## PROBLEM DETAILS:
Print the listing below exactly, minus its pictures.

## DATA BELOW:
Start of Block
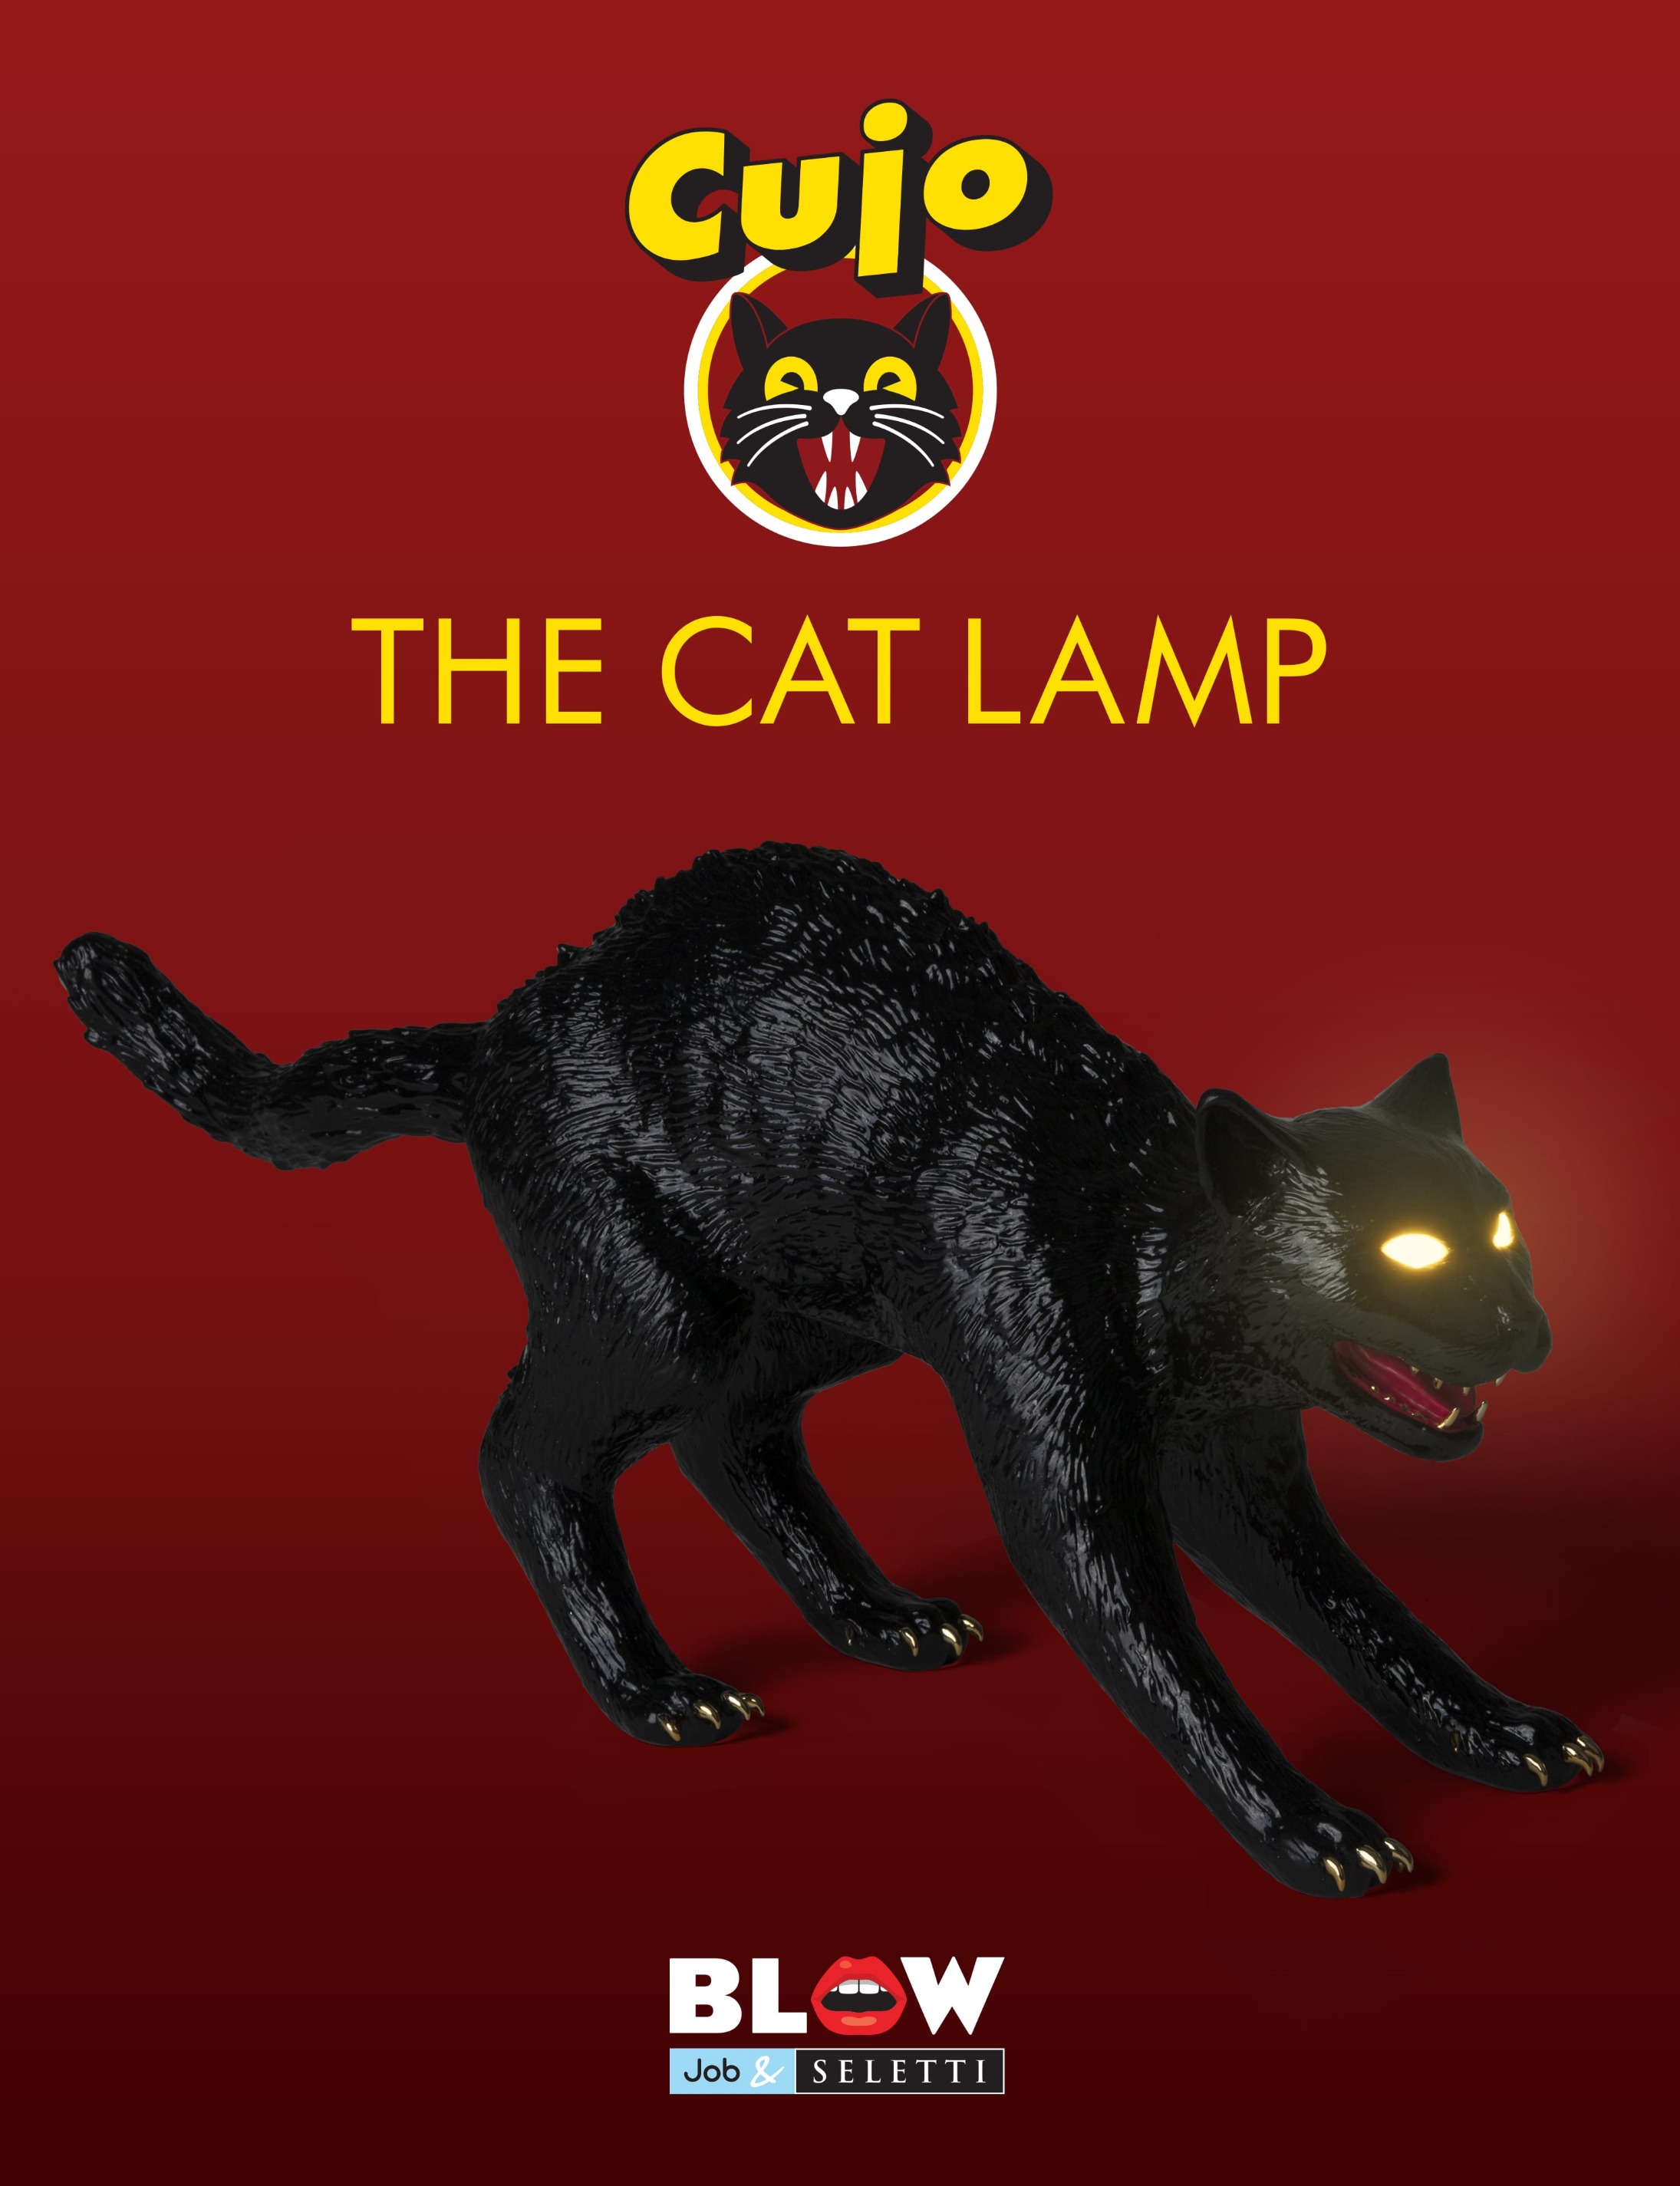 SELETTI lampada da tavolo gatto CUJO THE CAT LAMP
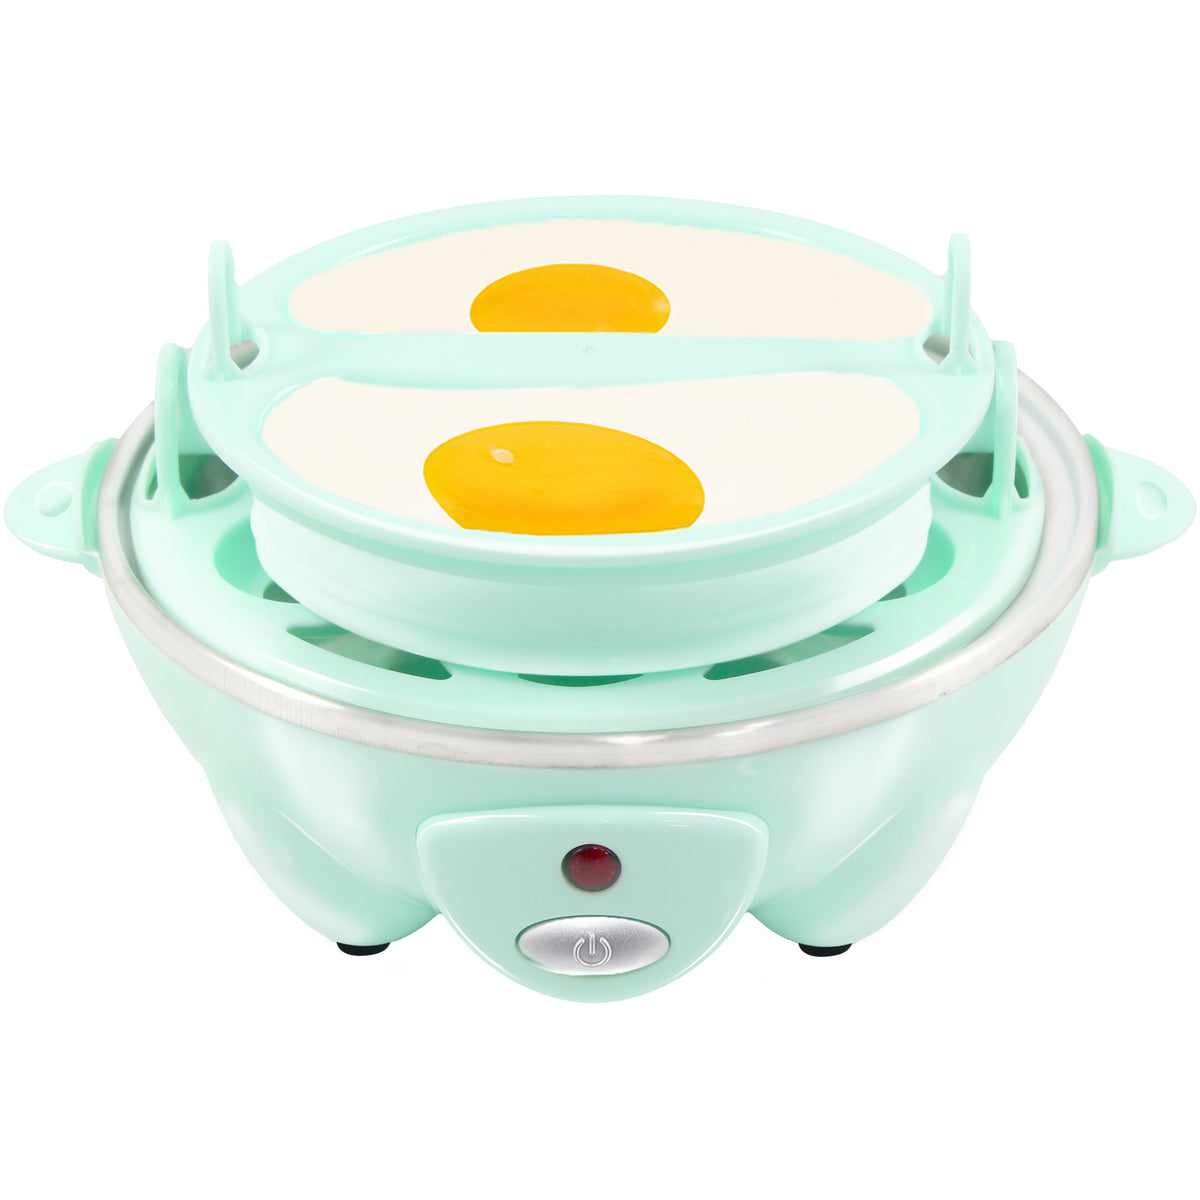 Elite Gourmet EGC-007 Rapid Egg Cooker, 7 Easy-To-Peel, Hard, Medium, Soft  Boiled Eggs, Poacher, Omelet Maker, Auto Shut-Off, Alarm, 16-Recipe
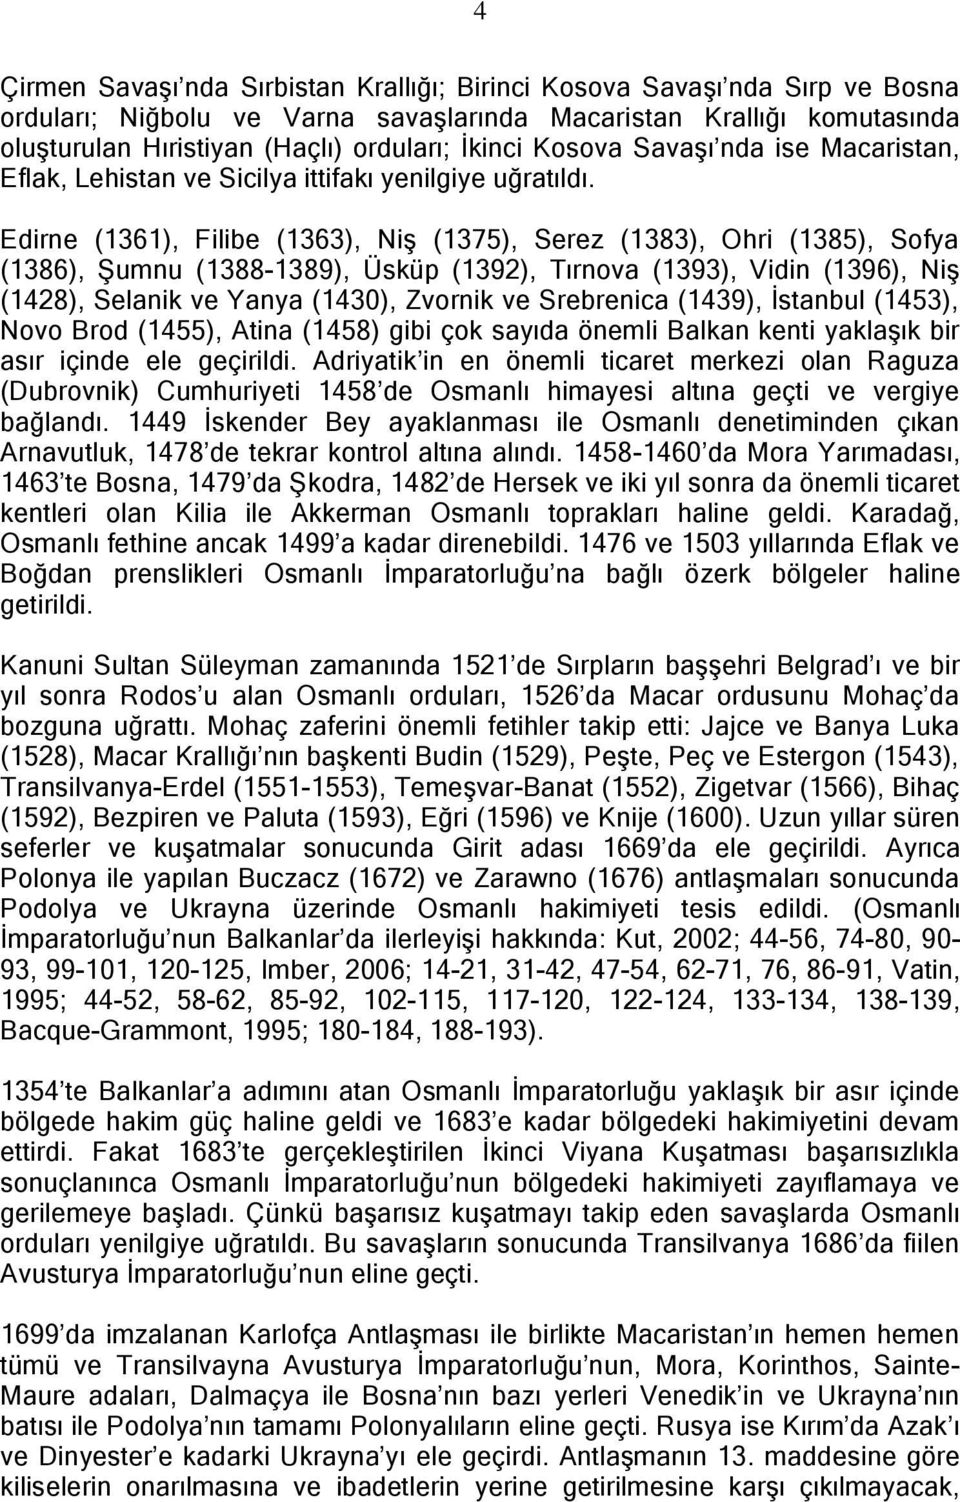 Edirne (1361), Filibe (1363), Niş (1375), Serez (1383), Ohri (1385), Sofya (1386), Şumnu (1388-1389), Üsküp (1392), Tırnova (1393), Vidin (1396), Niş (1428), Selanik ve Yanya (1430), Zvornik ve
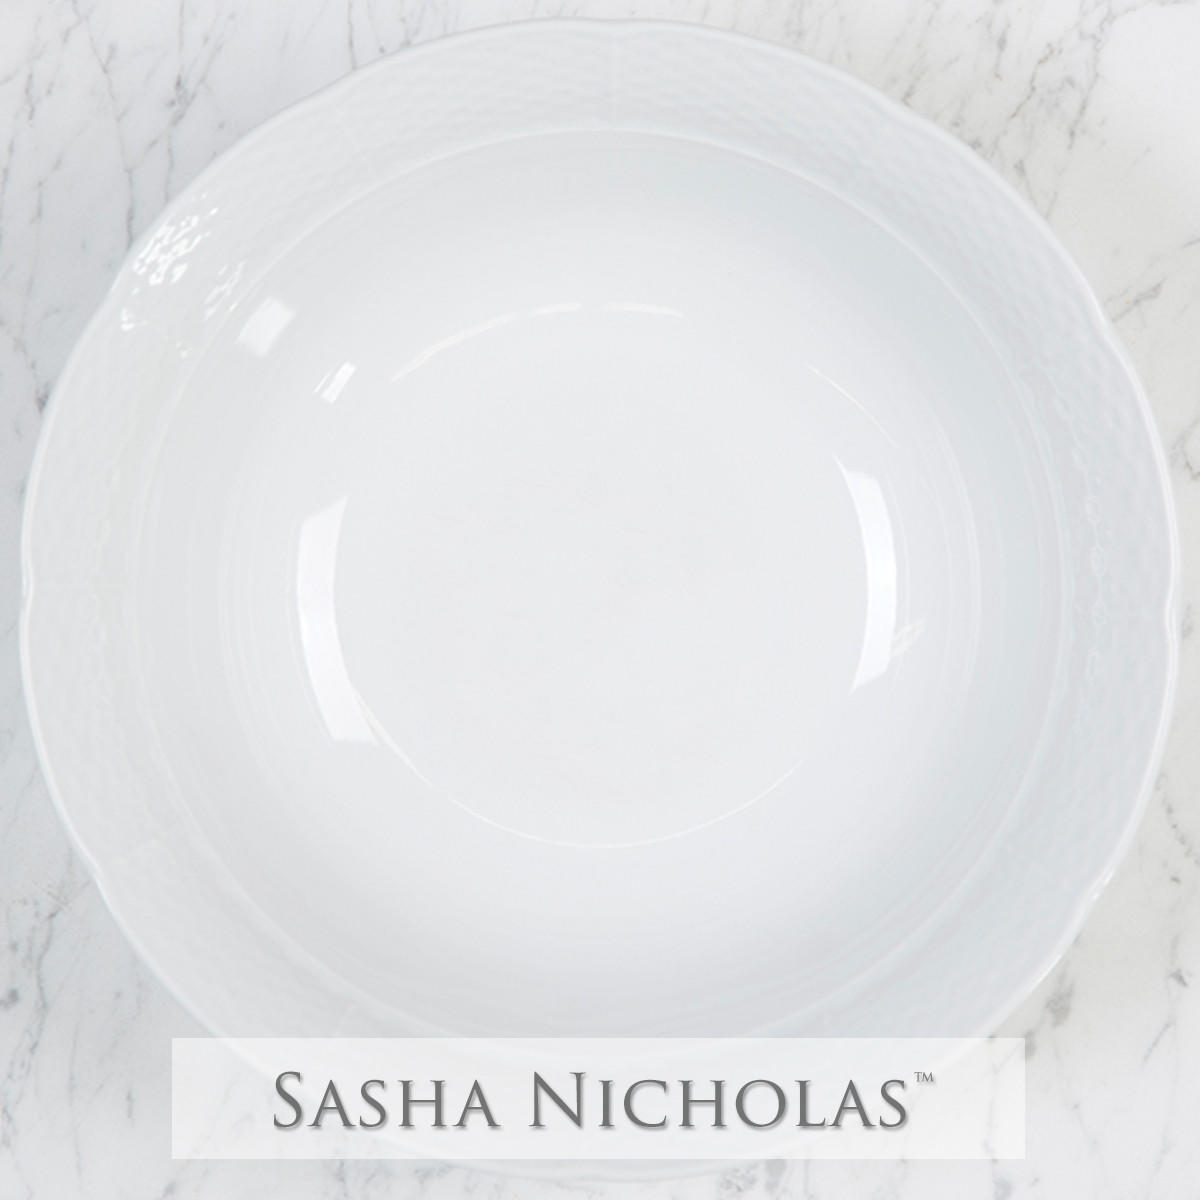 Weave Large Serving Bowl, SNW161, Sasha Nicholas
End of Block
## RESULT OF THE TASK:
 SELETTI lampada da tavolo gatto CUJO THE CAT LAMP
 Elite Gourmet EGC-007 Rapid Egg Cooker, 7 Easy-To-Peel, Hard, Medium, Soft  Boiled Eggs, Poacher, Omelet Maker, Auto Shut-Off, Alarm, 16-Recipe
 Edirne (1361), Filibe (1363), Niş (1375), Serez (1383), Ohri (1385), Sofya (1386), Şumnu (1388-1389), Üsküp (1392), Tırnova (1393), Vidin (1396), Niş (1428), Selanik ve Yanya (1430), Zvornik ve
 Weave Large Serving Bowl, SNW161, Sasha Nicholas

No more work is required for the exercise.